Deep Thinkers "Necks Move" (Datura Records)

Hailing from Kansas City, Missouri, about as unlikely a North American hip-hop landmark as there is, Deep Thinkers have the element of surprise on their side, and the freedom perhaps that comes with few expectations. But let’s make it clear, that while these factors provide an additional punch to their album, Necks Move would hold its own under any other circumstances, because it is simply a great record that provides fulfilling listening.
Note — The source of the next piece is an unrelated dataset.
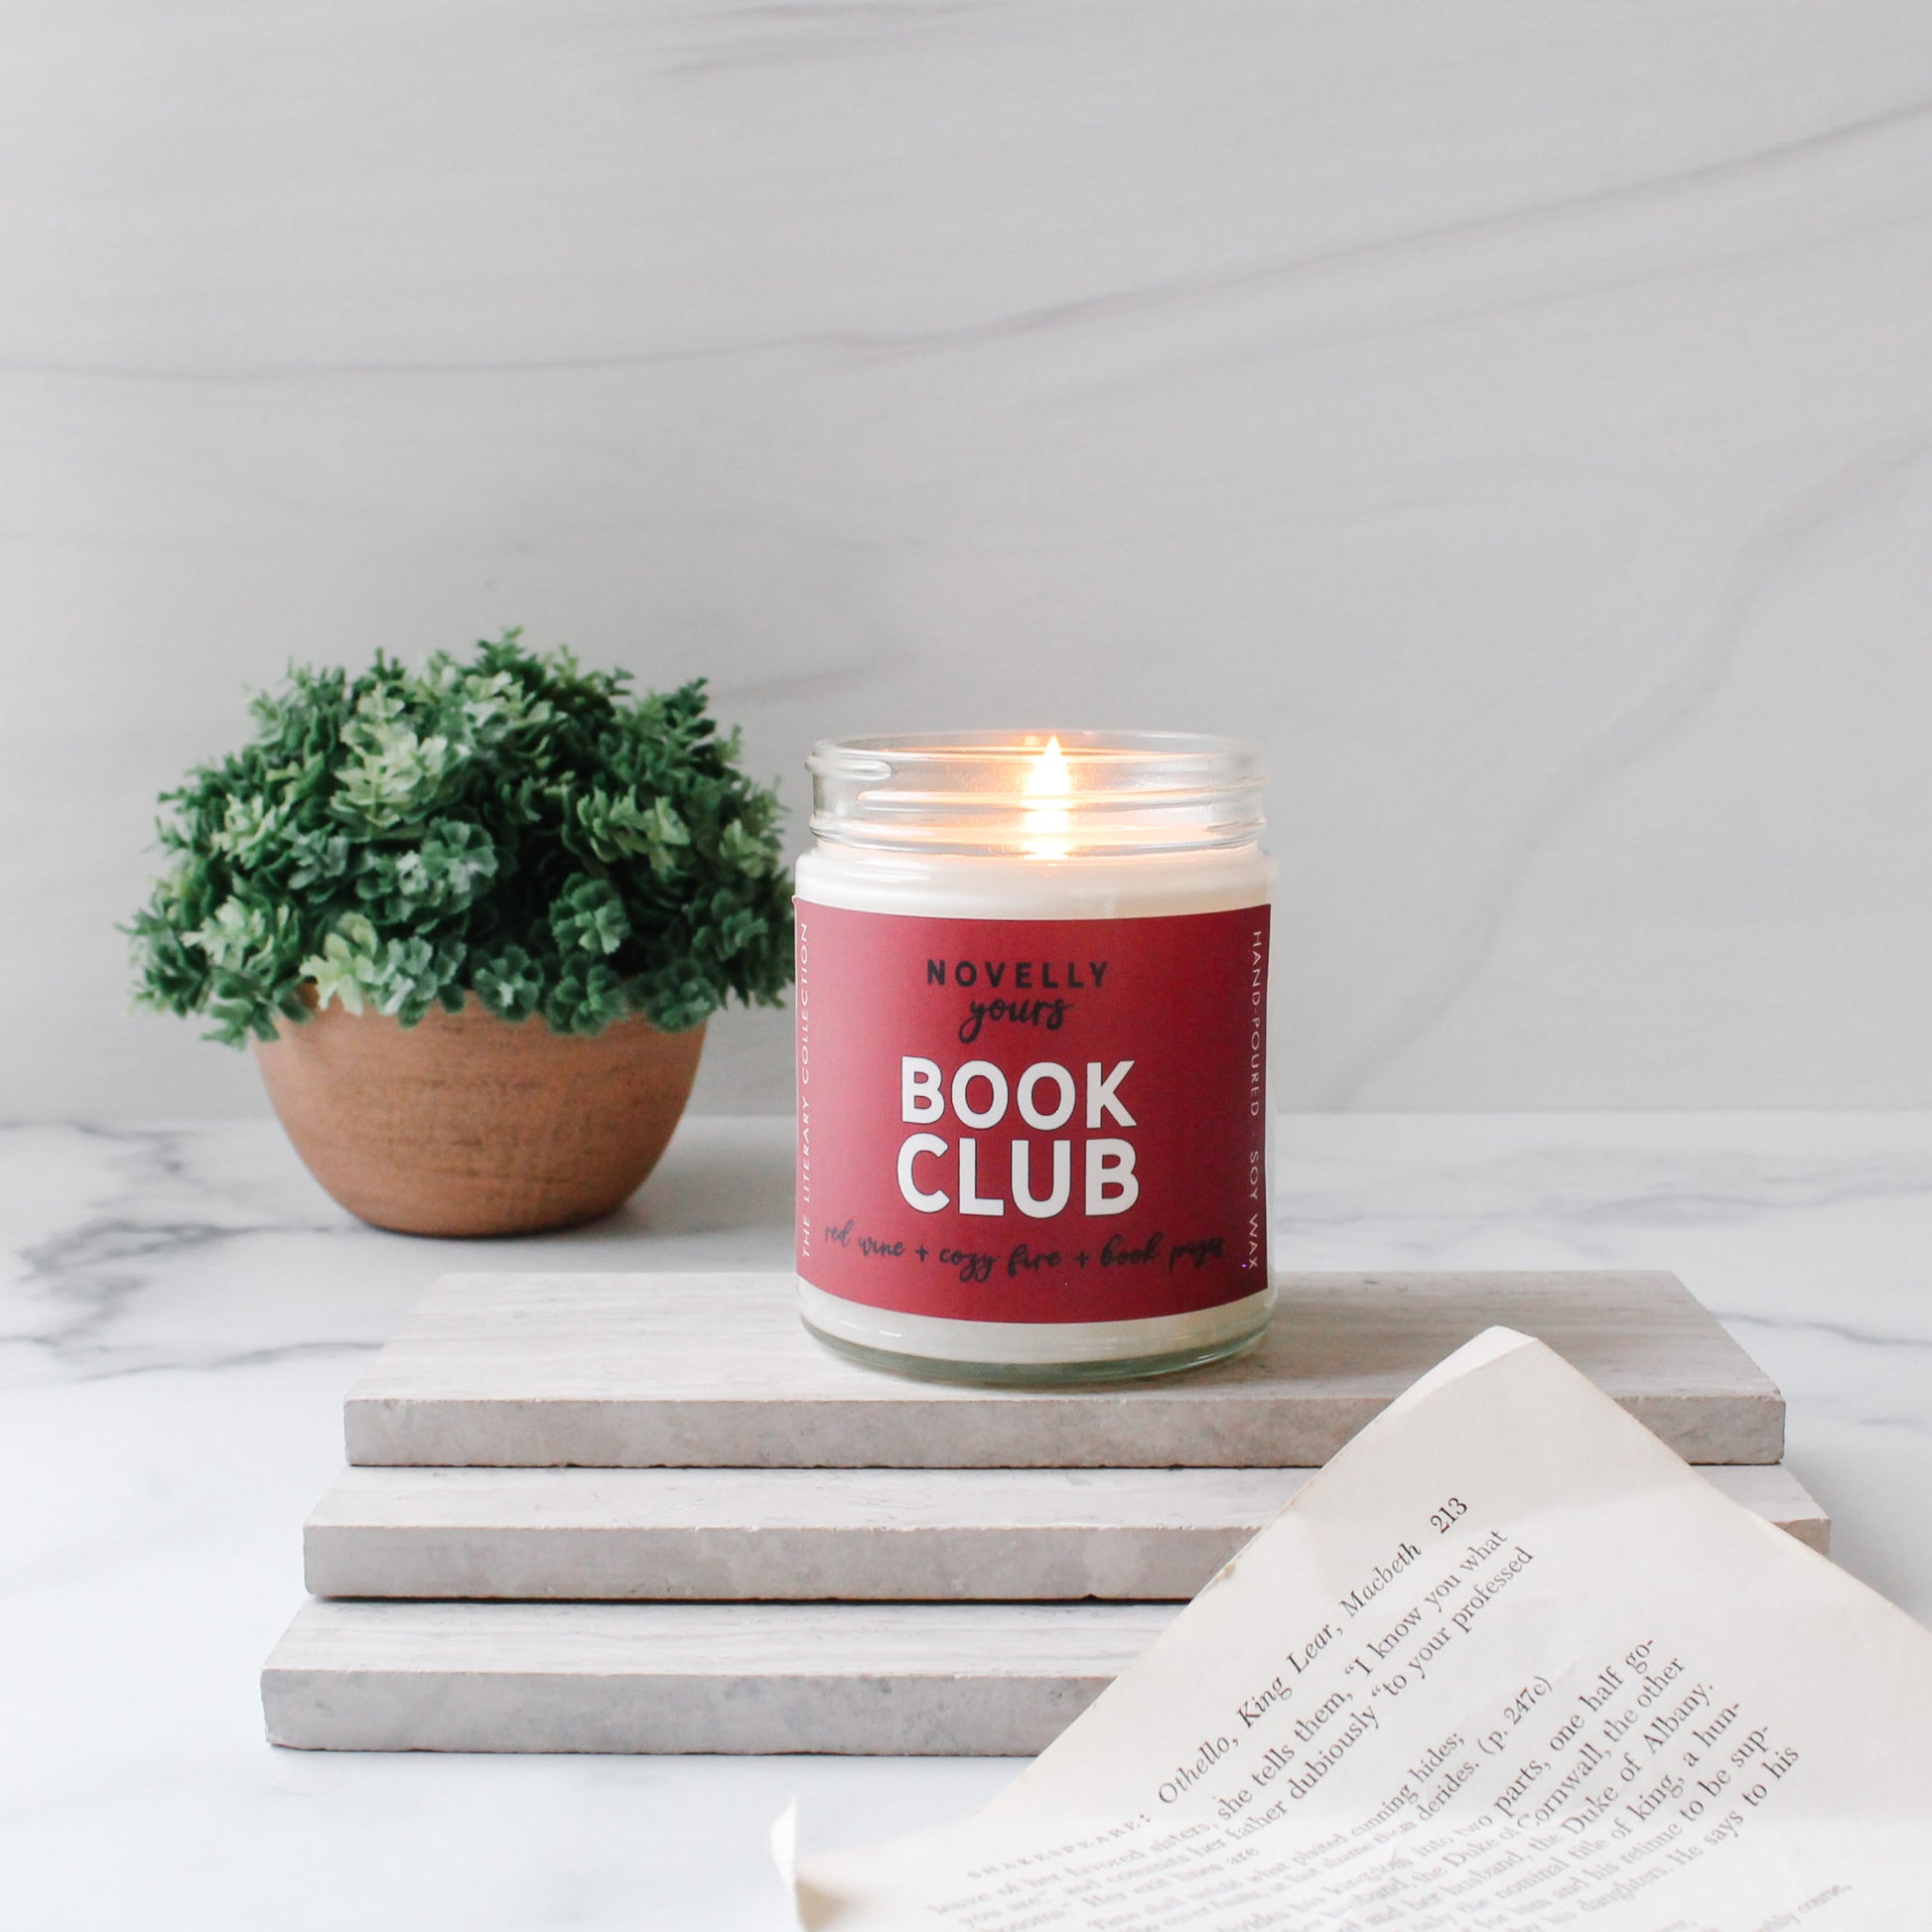 book club scented soy wax candle with fruit & fire scents with red label

The pair of MC Brother of Moses and producer Leonard D. Stroy bear some similarities to Bay Area crew Zion I in their willingness to incorporate elements of other production styles in their boom-bap. Many tracks have a slightly futuristic edge, inspired perhaps from experimental drum programming some electronica producers utilize. But there’s nothing abstract here. Their beats do what the album title suggests and set heads to bobbin’, while the sonic backdrops provide for rich listening. “Movin’ On” featuring label mate Approach incorporates future funk, with warm keys and wicked scratches. “Bottled Slaughter” is a musically epic and lyrically incisive catalog of socio-political topics such as environmental issues and corporate greed set against a cinematic backdrop of exotic and primal instrumentation which transcends the realm of typical hip-hop.

While their name, Deep Thinkers, may suggest an overly wordy, pseudo-intellectual sense of self, all lyrical evidence points instead to an intelligent, informed point of view expressed deftly and without pretentiousness. Perhaps the most telling track on the album in terms of revealing self is “We Live In Kansas City.” They speak volumes about their point of view with the following lines: “I live in Kansas City and I don’t drive a monster truck…I’ll pass a rack of ribs up…I don’t roll the streets with heat” and “I open minds with my rhymes….can’t sound silly talking about pimpin’ in front of the children.”

Necks Move is a rarity in that delivers lyrics and production of equally satisfying proportions. It’s one of those albums that works well on a superficial level, the album title overtly stating this purpose, but has much more to reveal upon closer inspection and repeated playing. Necks Move is recommended listening for any hip-hop head looking for something different, and even for those looking to be re-inspired by the possibilities of hip-hop.